As well as physical actions, players must also ensure that they do not let their heads drop after losing a teammate due to injury or a red card, as this will only boos the confidence of your opponents yet further. Maintaining belief will help teams to play in a disciplined and courageous manner, limiting the space of opponents as much as possible. Carrying out such actions is also likely to frustrate the other team, leading to errors and loss of possession.


Positive mental attitude will also lead to increased awareness levels, communication and concentration, which all aid the chances of coming away with a positive result. Such attributes must not only come from defenders too, with everyone on the field, including any possible substitutes having to quickly come to terms of what is expected of them. Attacking players remaining on the pitch will often be required to close down a full-back or drop into a deeper midfield position, something in which they may not have experience of doing. This is where training sessions involving such situations will pay dividends.

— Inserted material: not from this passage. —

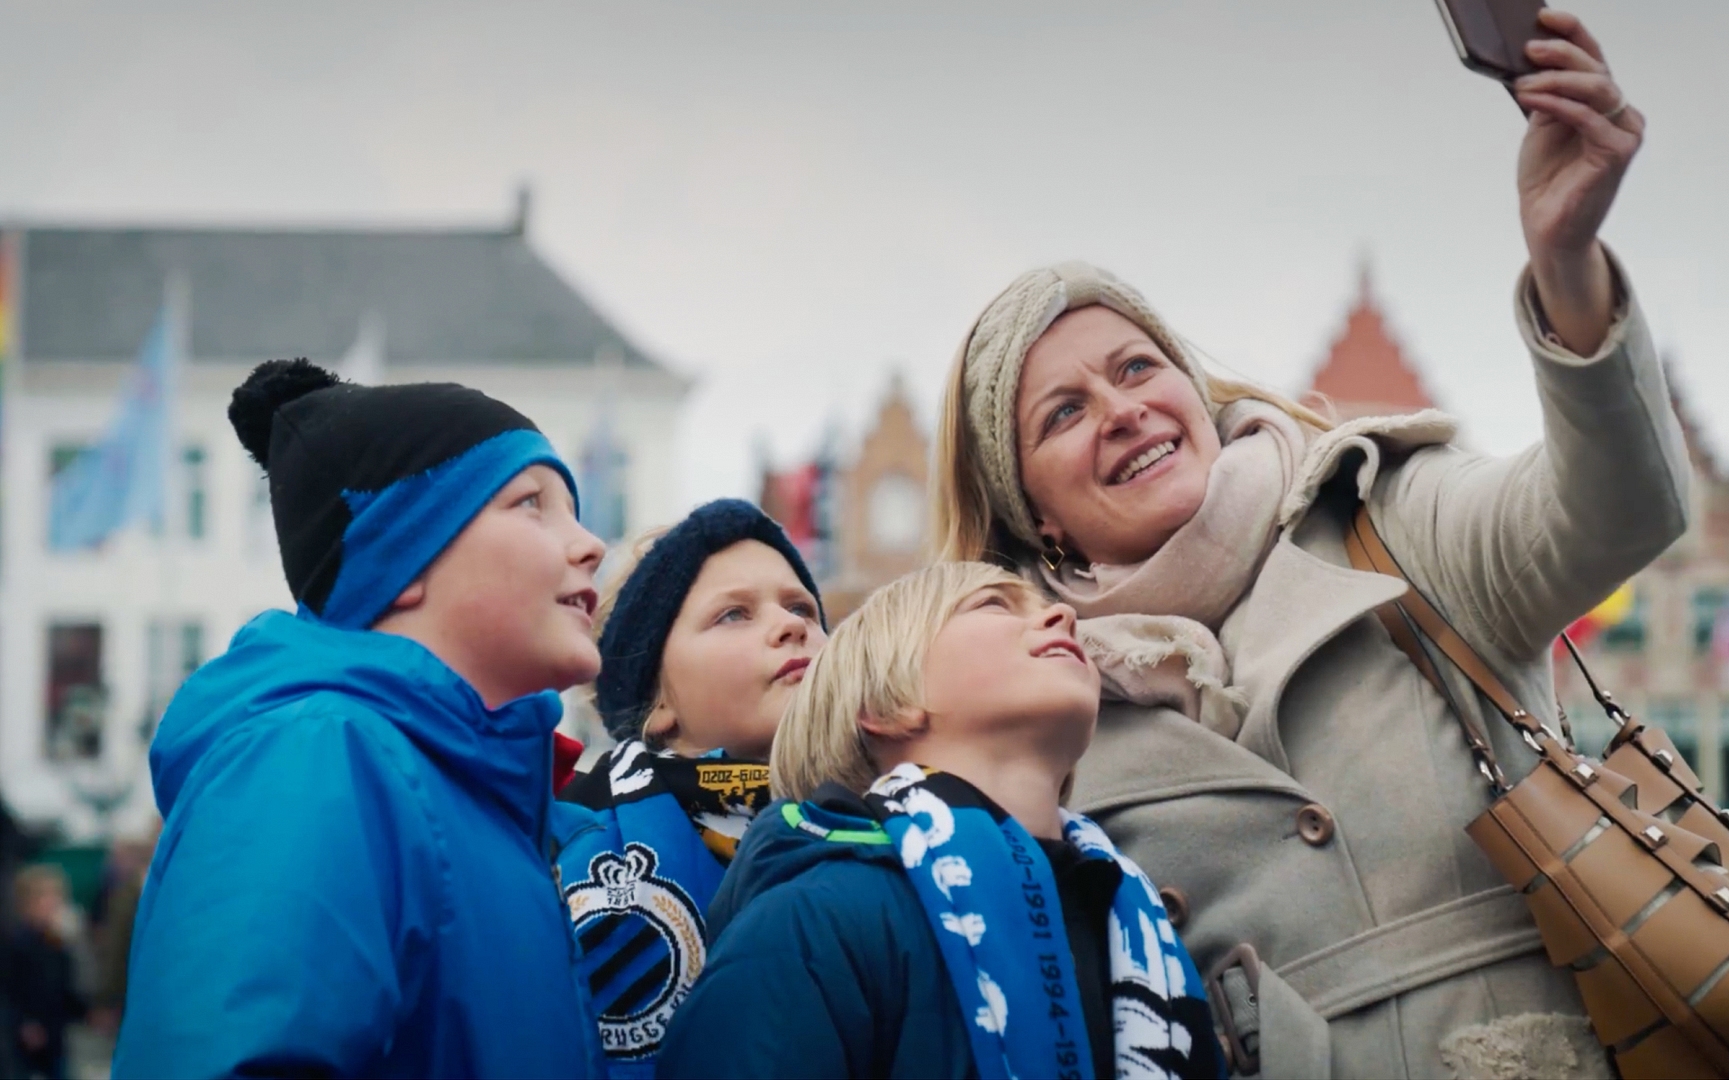 Celebrating 130 years Club Brugge with an interactive AR experience

Coaches can undoubtedly influence players in this area, with teams with good attitudes throughout training sessions often stepping up to the plate when things get tough. It is fairly simple to recreate the scenario of losing a player during a game, whether it be setting up a 11v10 match or drills involving a smaller number of players. Coaches should encourage defenders putting pressure on attacking players despite having inferior numbers, with discipline and the so-called “siege mentality” being invaluable assets in football.


Playing with a player down is not all about “parking the bus”, with coaches having to ensure that their team finishes the match with the same mentality as when it started.